Terms and Conditions of Sale
- All prices quoted are nett and exclude Value Added Tax at 14%.
- Prices, where applicable, are subject to change and are subject to exchange rate fluctuations.
- Stock must be returned unopened. All returned stock will attract a 20% handling fee. Stock returns are subject to Resolve Immix and the supplier’s acceptance and terms and conditions. Delivery will be subject to stock availability at the time of the order.
- Warranty as per the manufacturer.
- Any costs incurred by Resolve Immix in the execution of a sale/proposal will be for the Customer’s account unless they were agreed beforehand in writing by Resolve Immix for Resolve Immix’s account.
- No work will be commenced by Resolve Immix without a quotation being provided to the Customer from Resolve Immix and a written instruction to proceed in an agreed format being received by Resolve Immix from the Customer.
- If Resolve Immix finds that the actual work is varying significantly from the estimate provided, Resolve Immix will notify the Customer in writing.
- All project/support phases are subject to finalisation of the analysis and sign-off of specification documentation. Any implementation overruns, will be managed by the project team and extra charges raised accordingly.
- Proposals are subject to the standard software development agreement used by Resolve Immix or as modified and agreed by both parties.
- Prices exclude incidental expenses like travel and accommodation where applicable.
- Proposals are valid for 7 days.
- Documentation is strictly confidential to the Customer.
- A ‘Shipping and Handling’ fee of USD50.00 will be charged in addition to all Microsoft Dynamics licenses.
Intellectual Property Rights
- Resolve Immix acknowledges and agrees that the copyright in and ownership of all material made available to it by the Customer from time-to-time, vests and shall remain vested exclusively in the Customer.
- The Customer acknowledges and agrees that the copyright in and ownership of all material made available to it by Resolve Immix from time-to-time, vests and shall remain vested exclusively in Resolve Immix.
- The copyright in any material prepared or created specifically for the Customer by, on behalf of, or on instruction of Resolve Immix or any personnel of Resolve Immix, shall remain the property of Resolve Immix unless otherwise expressly agreed in writing by the parties.
- Any travel, accommodation (bed and breakfast – South African three star equivalent), material and incidental expenses reasonably and necessarily incurred by Resolve Immix in travelling to fulfil its obligations to the Customer, are not included in the contract price and shall be paid by the Customer as invoiced by Resolve Immix. If requested by the Customer, Resolve Immix shall obtain prior approval for travel, material and incidental expenses.

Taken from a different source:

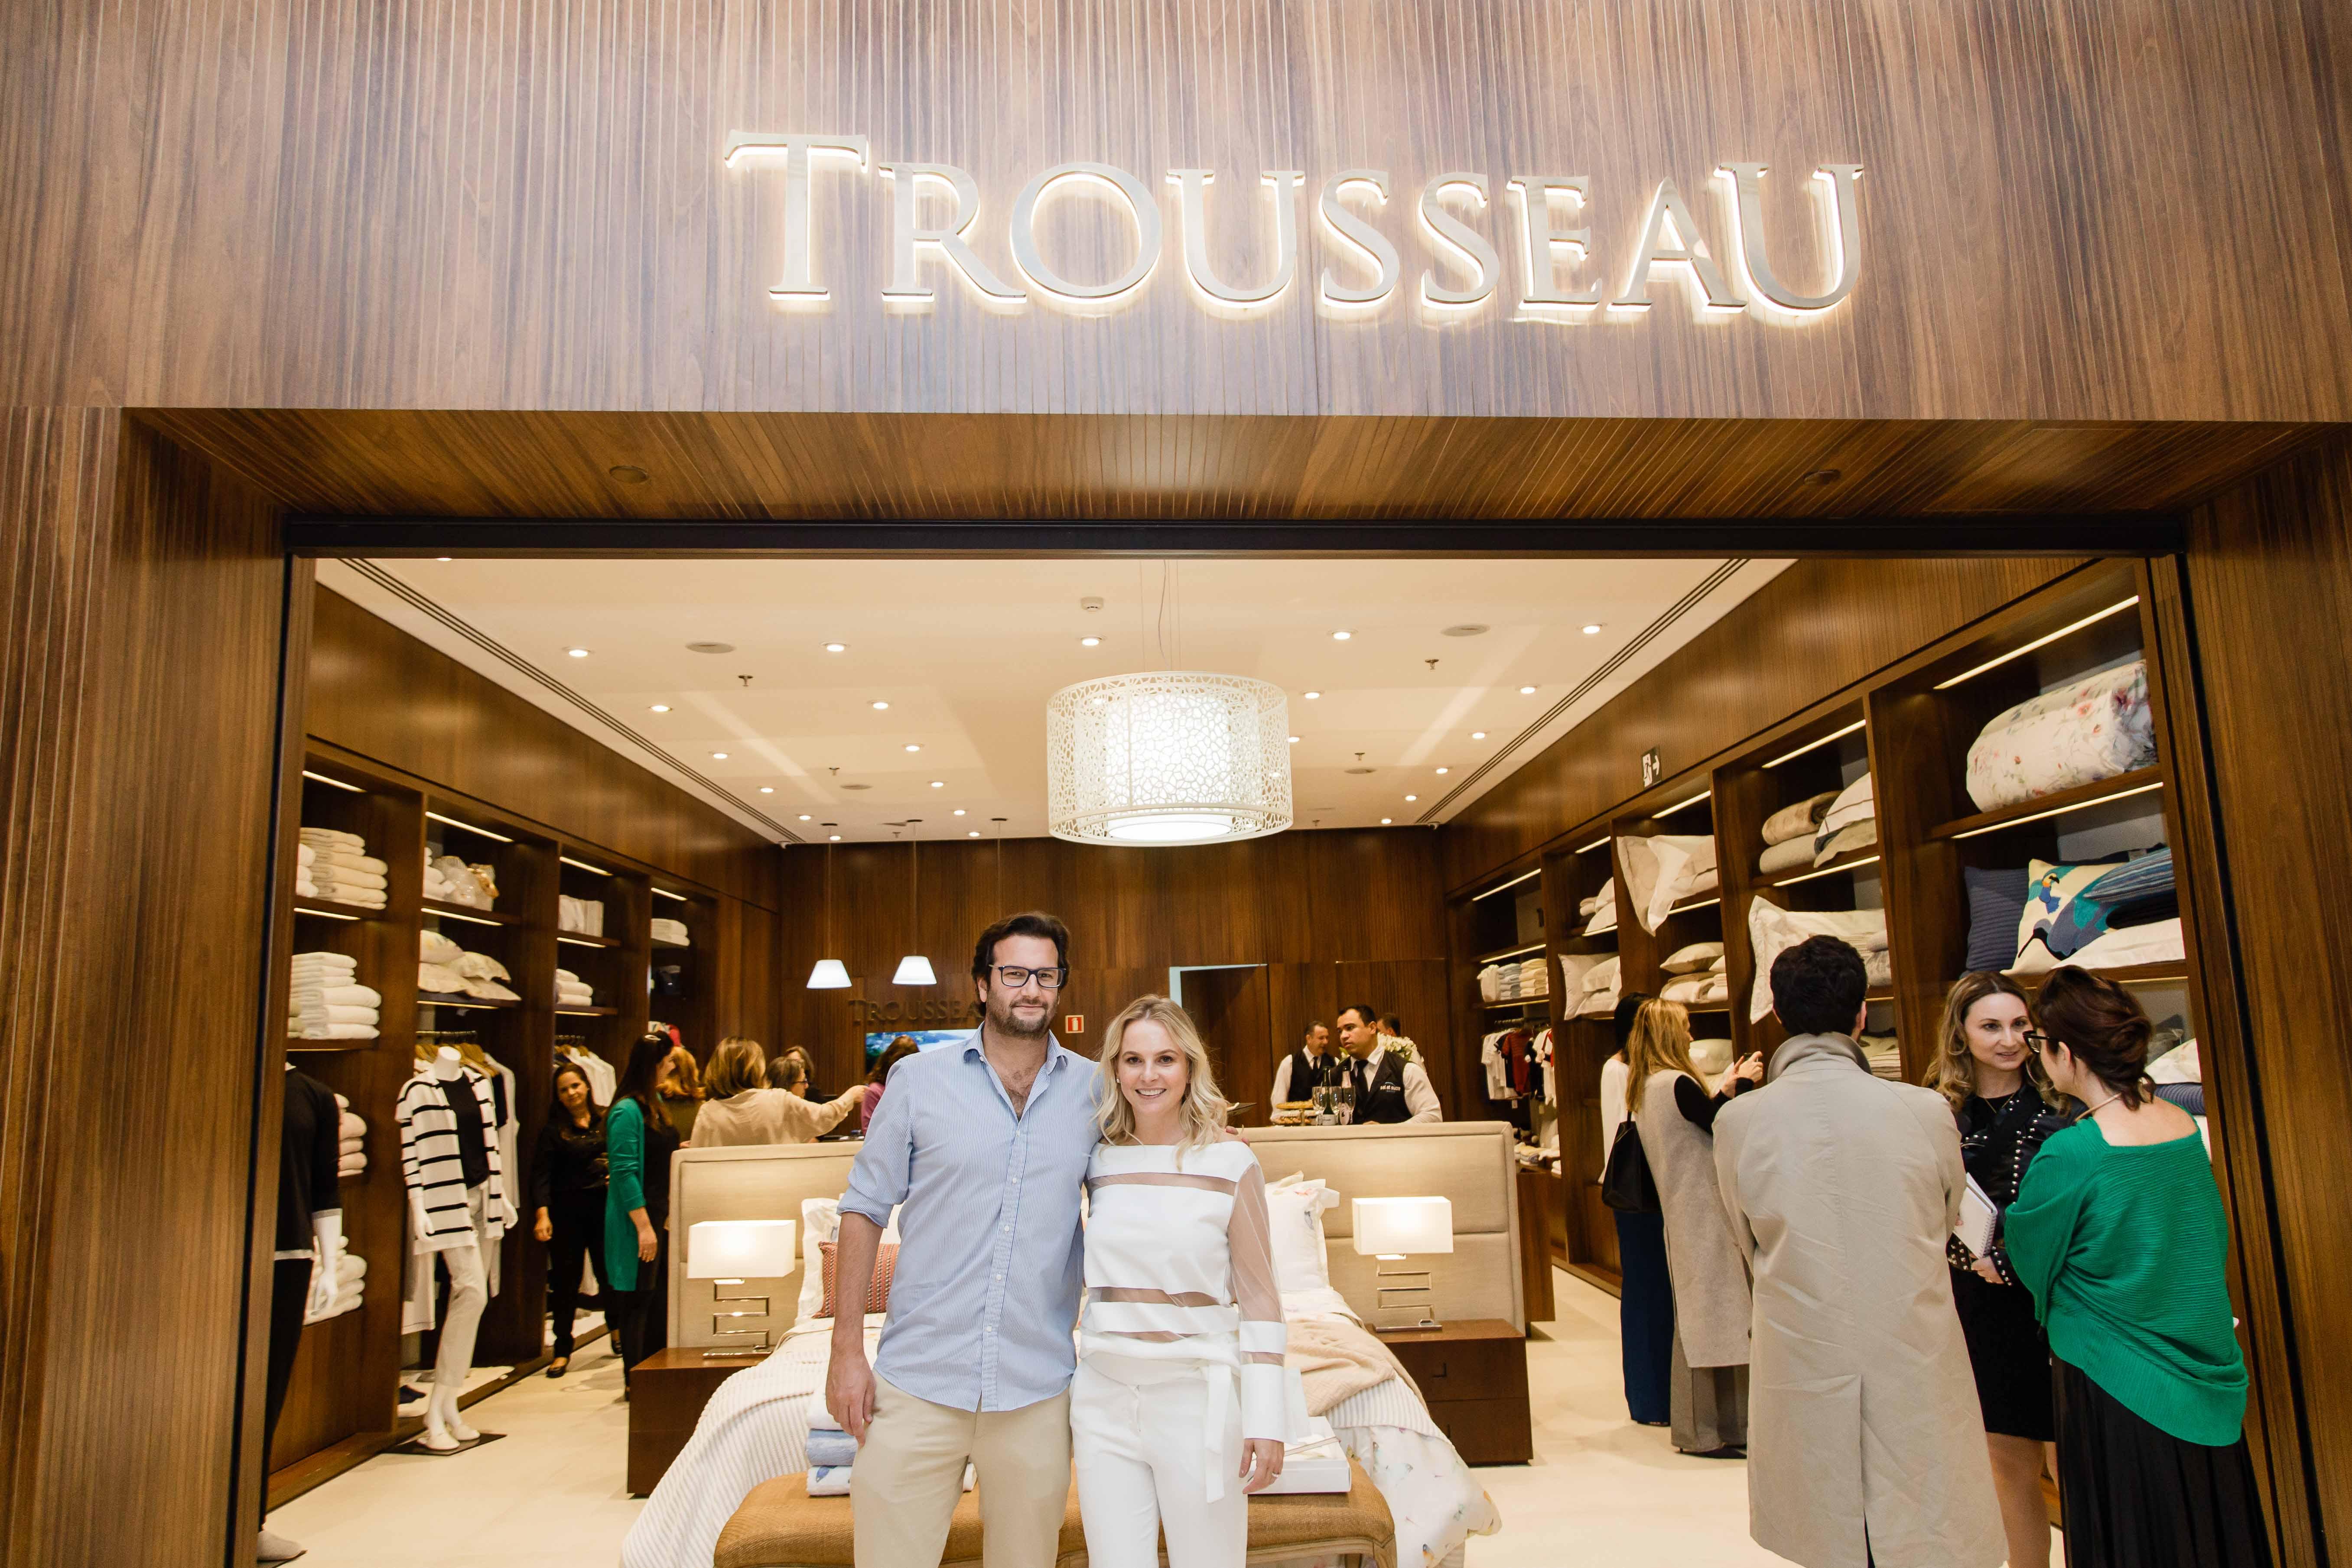 Coleção Celebrate da Trousseau Curitiba é lançada com coquetel

- An overnight subsistence allowance of R300.00 per night, per consultant, will be charged for out-of-town assignments within the borders of South Africa. For out-of-town assignments outside the orders of South Africa, an overnight subsistence allowance of USD75.00 per night, per consultant, will be charged.

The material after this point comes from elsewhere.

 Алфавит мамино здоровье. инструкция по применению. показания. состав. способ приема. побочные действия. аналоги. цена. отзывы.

- Travel charges are calculated based on the return distance from Resolve Immix offices to the Customer. Rate: R6.00 per kilometre.
- Travel time is charged for at 50% of the prevailing consulting rate for travel outside Gauteng
- Delivery or collection charges for COD purchases from Resolve Immix will be charged at a flat rate of R250.00 within a 50km radius the applicable Resolve Immix delivery office.
- Payment for Resolve Immix invoices are due as follows:
- Hardware and Software will be invoiced on delivery. Payment is due within 7 (seven) calendar days of the invoice date. Resolve Immix reserves ownership of Hardware and Software until payment has been received in full. Failure to pay will result in the removal of the goods – any costs incurred will be for the Customer’s account and will be invoiced accordingly.
- Consulting Services will be invoiced monthly, on completion of the work done, or according to project milestones – as agreed with the Customer. Payment is due within 30 (thirty) calendar days of the invoice date.
- Resolve Immix will invoice the Customer monthly in advance for all Maintenance Activities and/or Service Level Agreements. Payment is due within 30 (thirty) calendar days of the invoice date.
- All payments shall be made on due date without deduction, set off or demand and free of all bank charges or other expenses. Unless stated to the contrary, all amounts stipulated shall be exclusive of Value Added Tax.
- Amounts not paid within the prescribed payment terms as set out above will be considered overdue and will attract interest at the prime rate of interest from the date such invoice becomes overdue until the date of payment.
- All work is considered completed to an acceptable standard unless the Customer disputes the work in writing to Resolve Immix within 10 (ten) calendar days following receipt of invoice for the work.